Sasha (Oleksandra) Masiuk also Sashatattooing (born 22 May 1990 in Kharkiv, USSR) is a tattoo artist with her own studios in Russia, Spain and the United States. Oleksandra is known for her dotwork tattoo technique combined with the usage of floral motives and mandalas.

Biography and art 
Oleksandra was born in Kharkiv, Ukraine in 1990. She graduated from the Kharkiv Academy of Design and Arts in 2011. The same year Sasha moved to Saint Petersburg where she worked as an illustrator until she tried herself in tattoo art.

After developing a level of skill, Sasha started working in a tattoo studio Baraka. In 2013 Sasha opened her first workspace in Saint Petersburg.

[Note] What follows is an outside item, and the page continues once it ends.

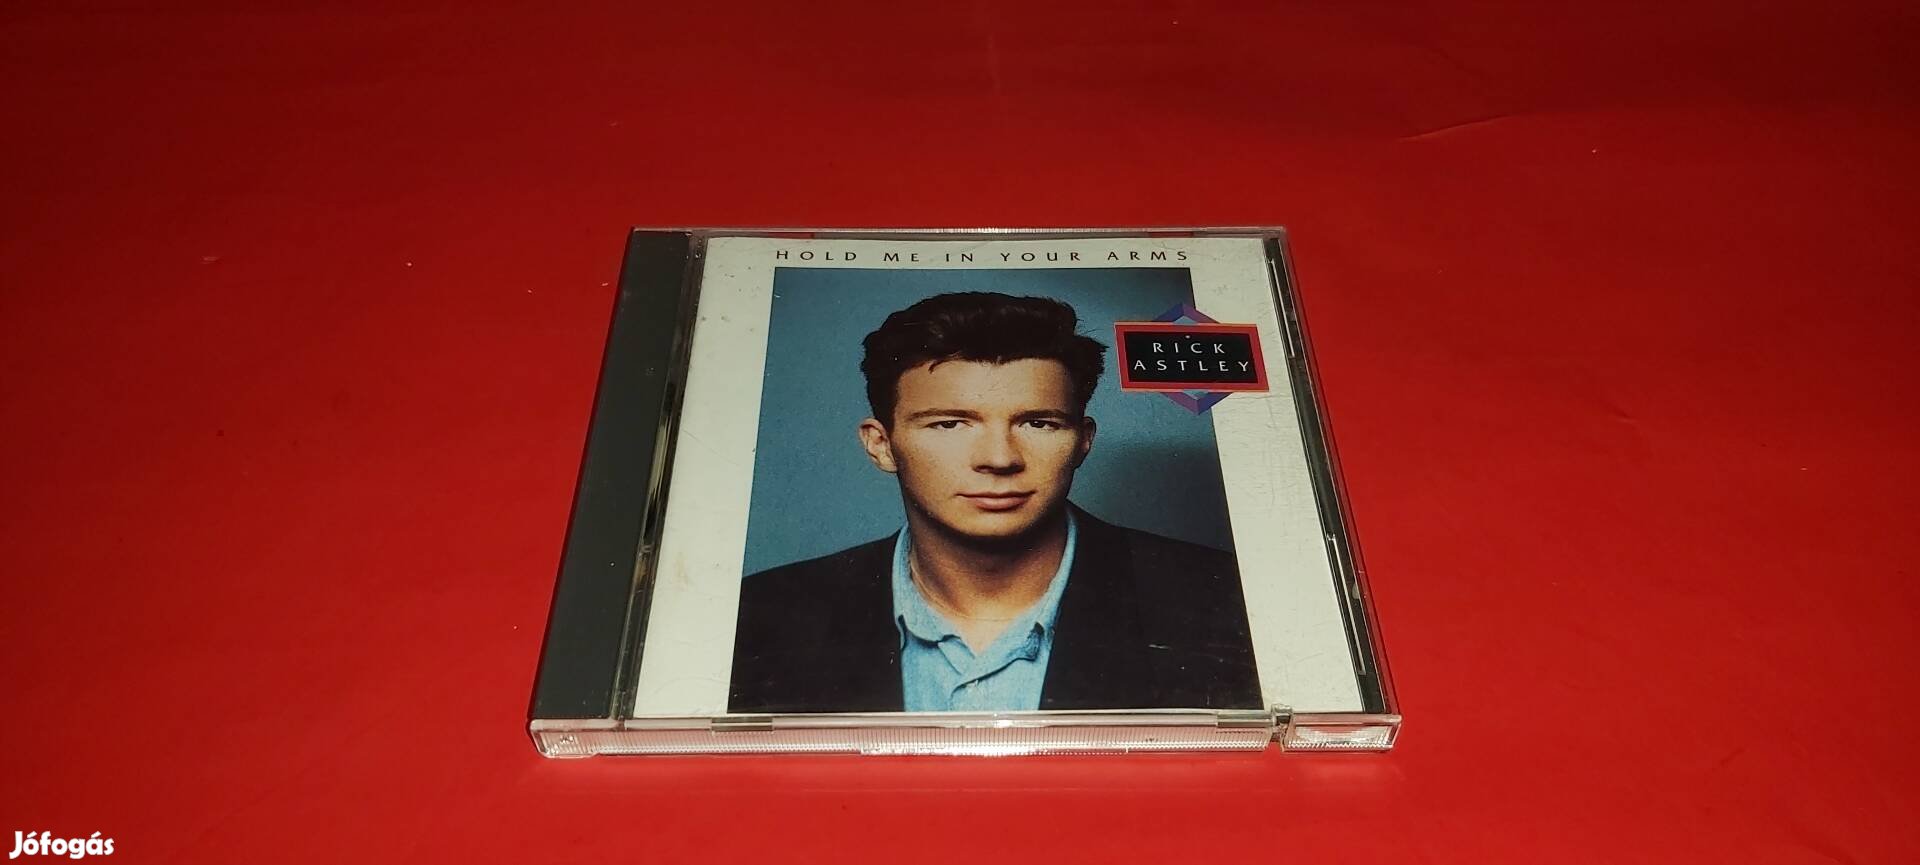 Rick Asthley Hold me in your arms Cd 1988 U.S.A.

In 2014 Sasha managed to open a studio in Moscow.

In 2015 Sasha and her husband moved to Berlin, Germany. In the following years the couple opened Sashatattooing branded studios in Barcelona, Spain and Los Angeles, United States.

Clients and collaborations 
The client list includes: the singer from Maroon 5 Adam Levine, Victoria's Secret model Behati Prinsloo, football player Axel Witsel, football players from the Zenit football club and a Russian singer Sergey Zhukov.

In 2015, Sasha started performing collaborations with clothing brands Bats and Designed for Fitness.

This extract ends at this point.